At least one of the news yesterday is to be followed for some time from now on: Conservative Party head Dan Voiculescu is under criminal pursuit for money laundering, but he claims it's all because he lead the president's suspension commission.

Far from the political stage, some good things seem to happen with Romania's economy. Romanians will earn double in 2013, Evenimentul Zilei reads, reaching an average income of 1,700 lei, meaning some 544 de euro.

The exchange rate for 2012 is expected to be 3.10 RON / euro, compared to 3.35 today. With a growing gross national product (estimated at 222 billion euros in 2013), wages will also reach new levels and the current account deficit will decrease, the same newspapers say.

Beyond the optimistic predictions, Romanians aren't doing so bad today either. Human Resource and Marketing managers in Romania earn 1,000 euros more than their European homologues, making corporations say that "Low wages in Romania are on the verge to becoming a myth", Cotidianul reads.

So, where there's money, there should be luxury, so luxury real estate moguls fell more and more attracted by the Romanian market. Even Donald Trump, who is about to sign a collaboration protocol with Romanian institutions for future investments in office buildings and luxury real estate construction, same Cotidianul informs.

Also in business, US and Canadian oil and gas companies are interested in Romanian abandoned deposits, Encana, Marathon and Sterling being just some of the bidders, Gandul found out.

"The resources are too poor to be exploited without new and expensive technology, but they can afford it", says Octavian Cojocaru, deputy general manager at the Romanian Mineral Resources Agency (ANRM).

But enough good news.
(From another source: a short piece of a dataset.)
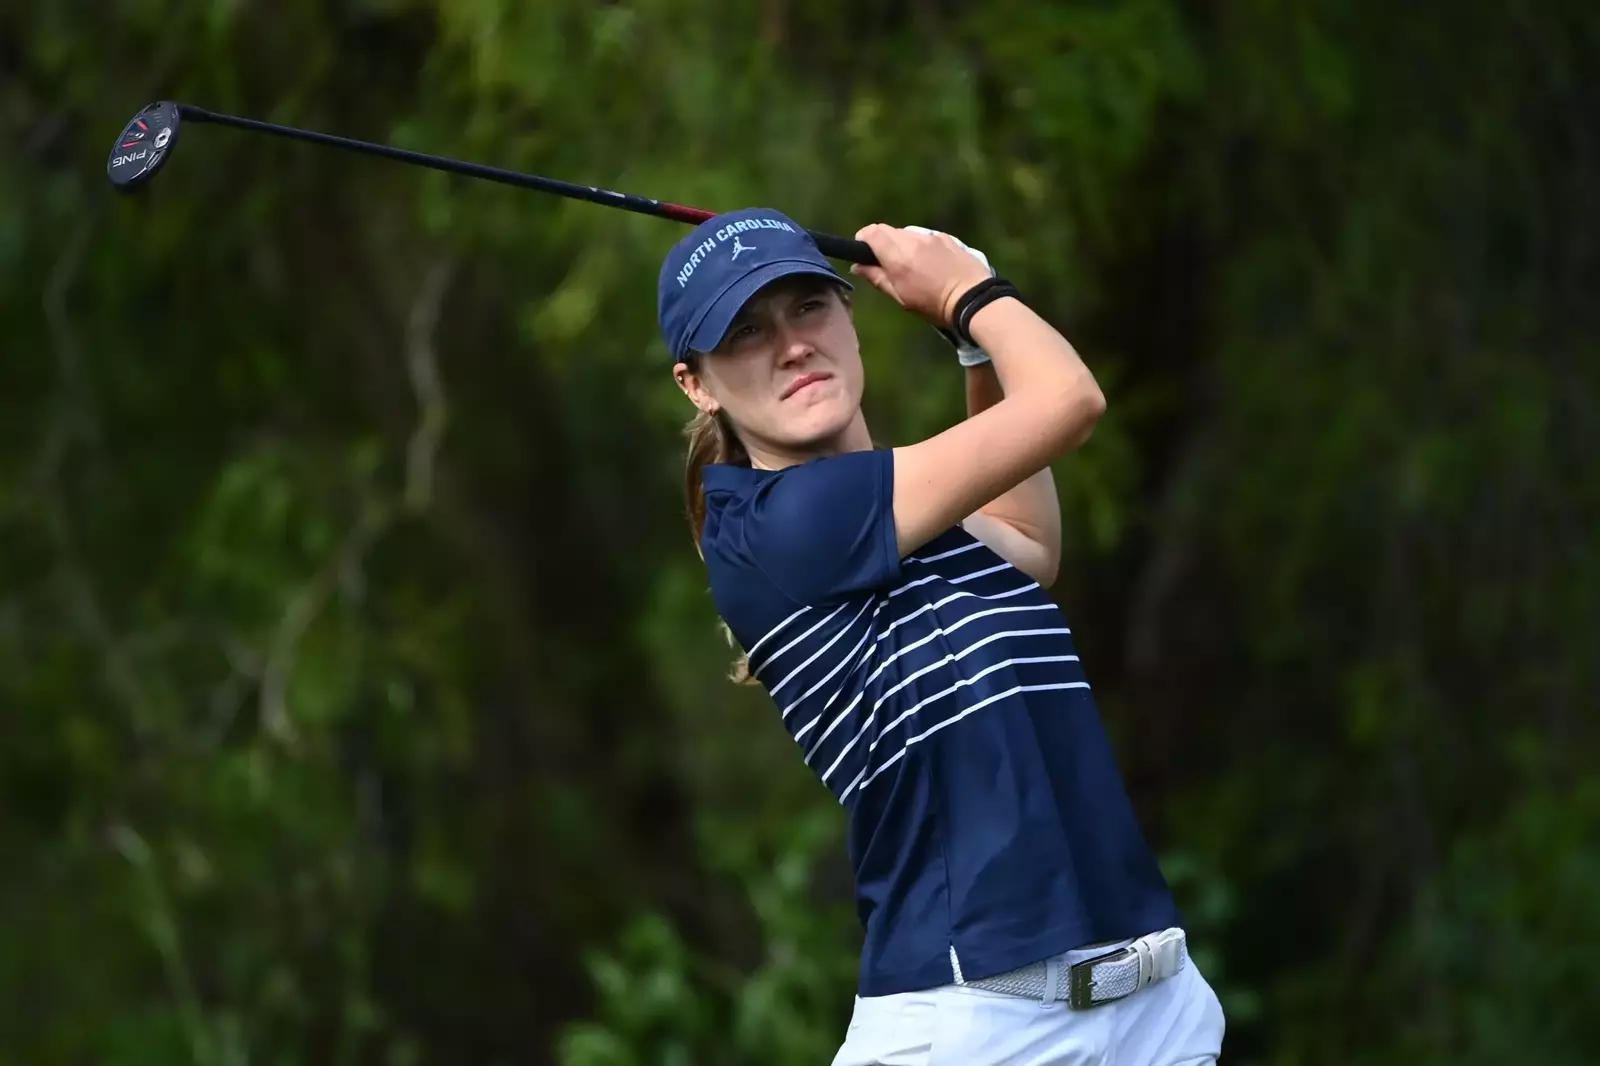 UNC's Kayla Smith Qualifies For Final Round At NCAA Golf Championship

Back into politics, a political crisis similar to the one Romania just solved is about to burst violently in Ukraine. The duel between the president and the prime minister has all odds to become a street fight between their supporters, after the Ukrainian president dissolved the Parliament on Tuesday, Evenimentul Zilei reads.

In Romania, the problem was solved "the easy way": "New cabinet - voted for fear of early elections", Gandul reads.

But things aren't all that easy for Dan Voiculescu, head of the Conservative Party, and his daughter, Camelia Voiculescu, now under criminal pursuit for money laundering in favor of the party vice president, George Copos (also former vice prime minister for PM Tariceanu), Gandul and most other newspapers read.

And, for the taste, a piece of news we've been expecting for 17 years: two retired generals - Victor Athanasie Stanculescu and Mihai Chitac - were sentenced to 15 years in jail for the violent repression of the Romanian Revolution in Timisoara, in December 1989, Jurnalul National reads.

The sentenced can be appealed, but it's the gesture that counts after almost two decades without any guilty parties.